## GOAL OF THE EXERCISE
Shown below is a listing with pictures; reproduce exactly, and only, the lines between the ones containing "A fabulous pair" and "Allied Roofing", inclusive, leaving the pictures out.

## DATA EXTRACTS
--------

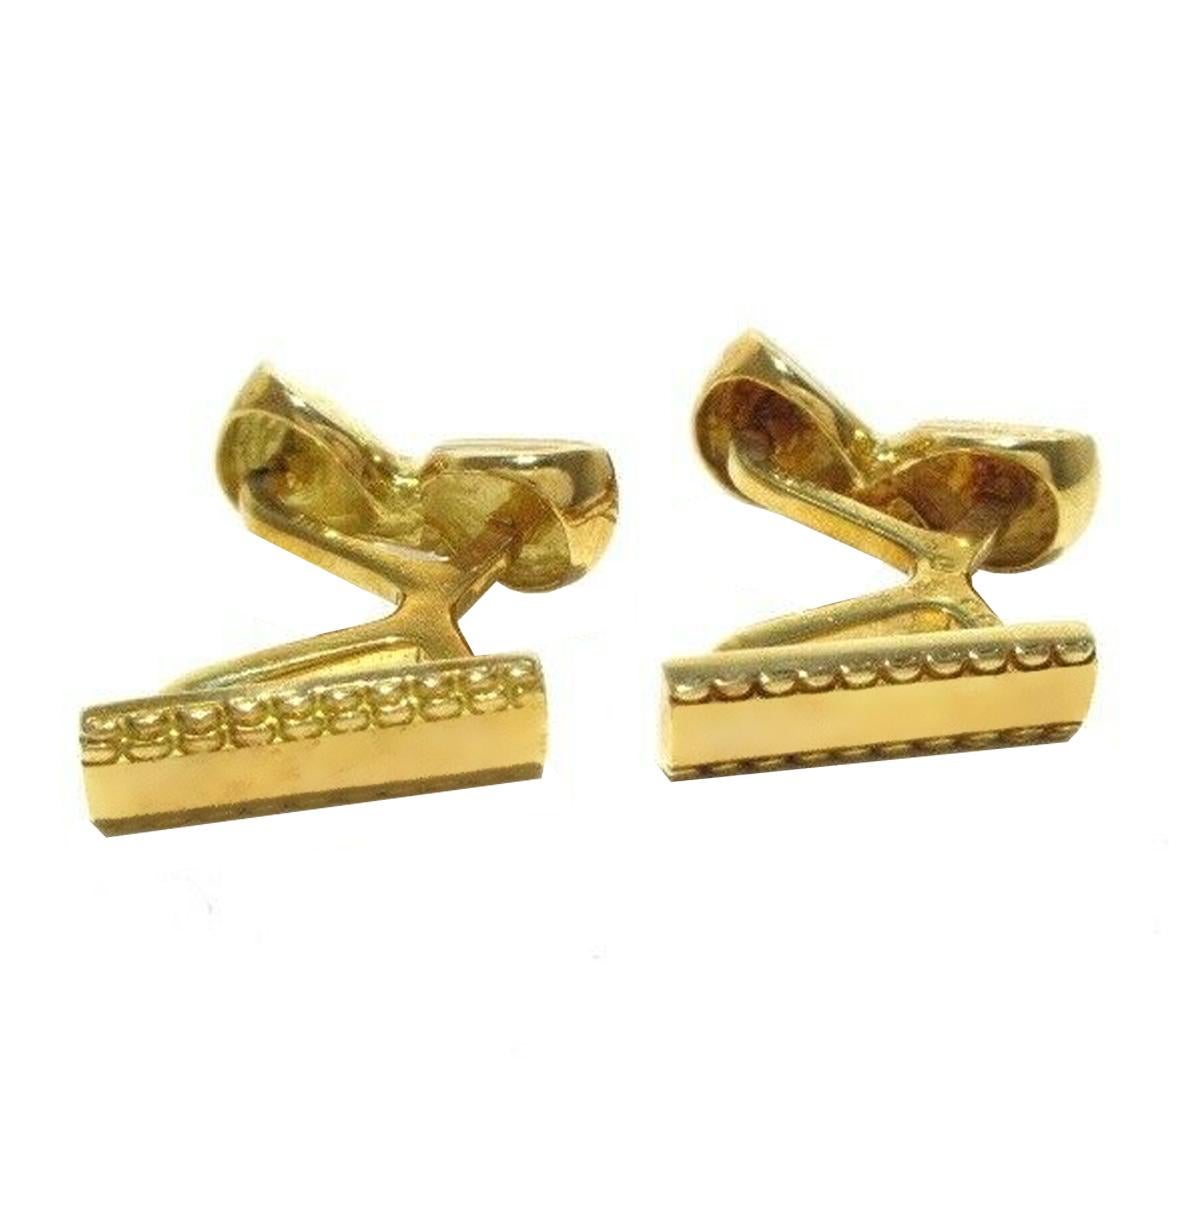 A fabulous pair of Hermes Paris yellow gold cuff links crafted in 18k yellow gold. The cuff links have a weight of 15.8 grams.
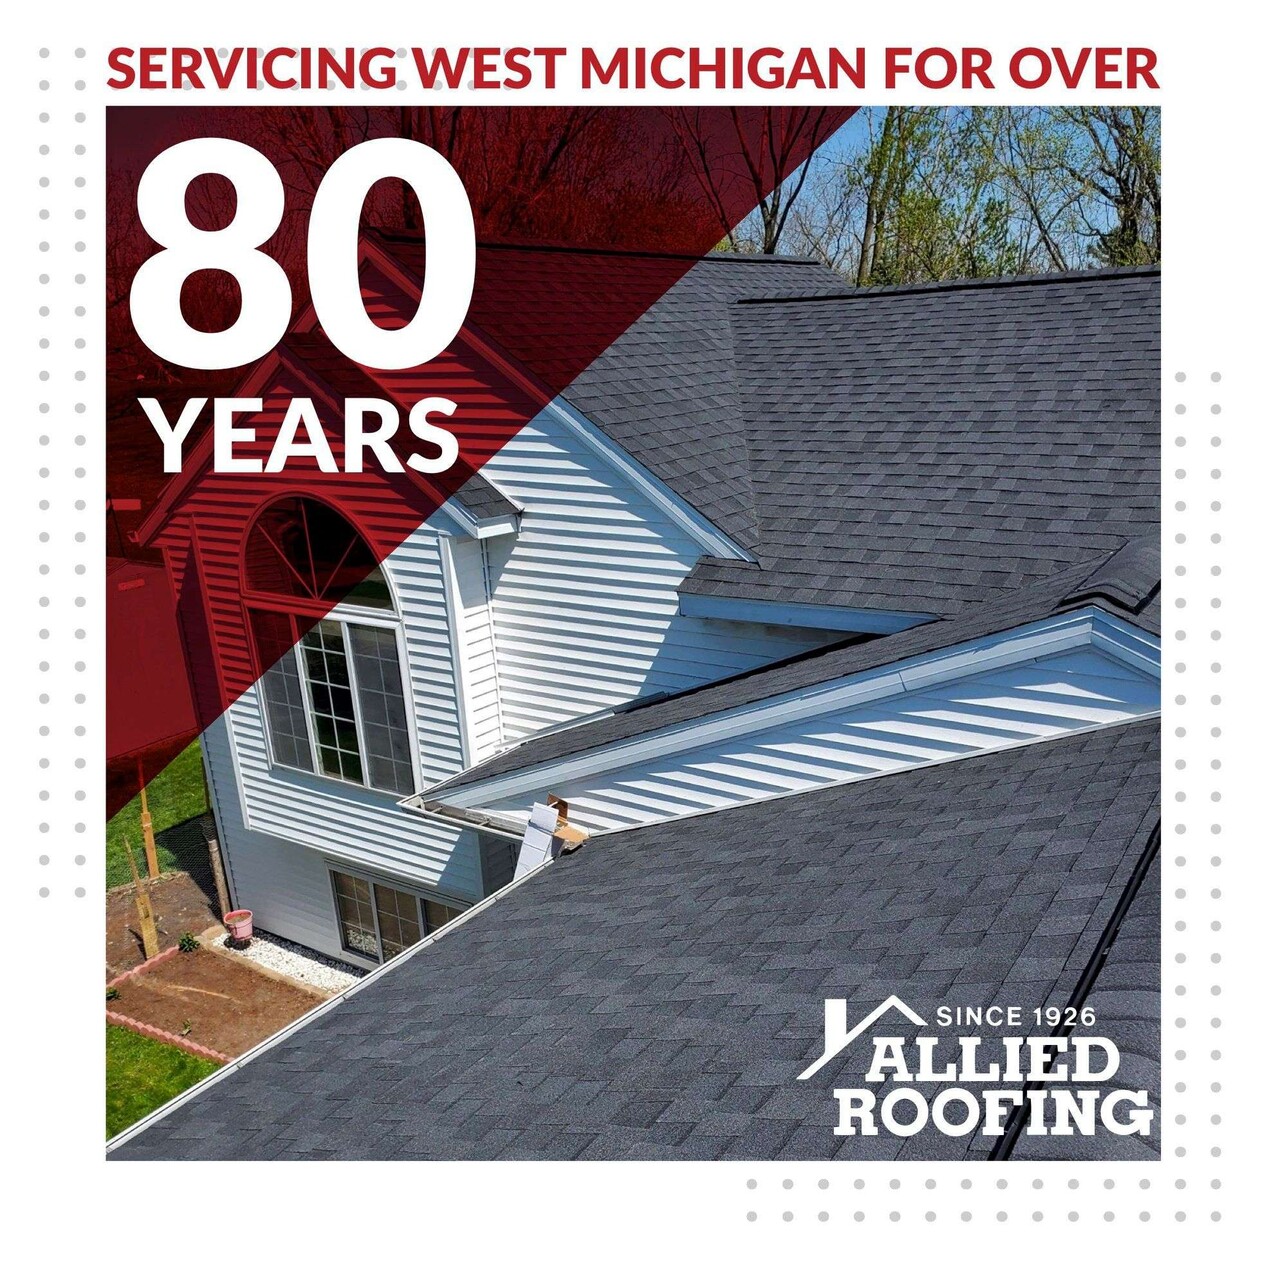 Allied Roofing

--------

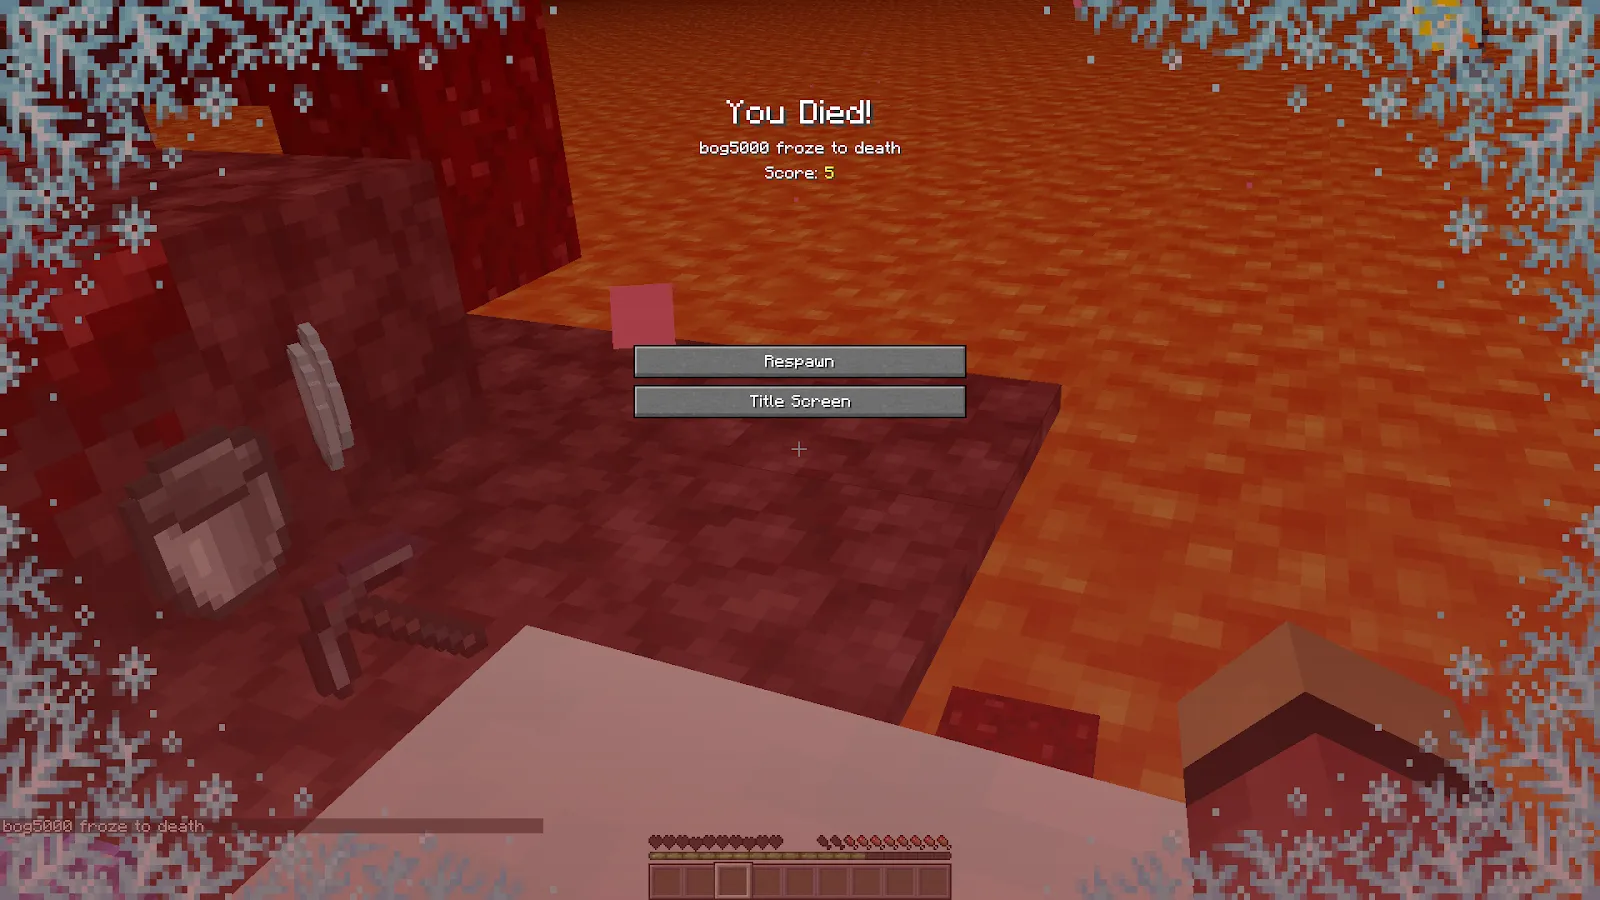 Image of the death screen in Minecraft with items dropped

--------

## RESULT OF THE TASK
 A fabulous pair of Hermes Paris yellow gold cuff links crafted in 18k yellow gold. The cuff links have a weight of 15.8 grams.
 Allied Roofing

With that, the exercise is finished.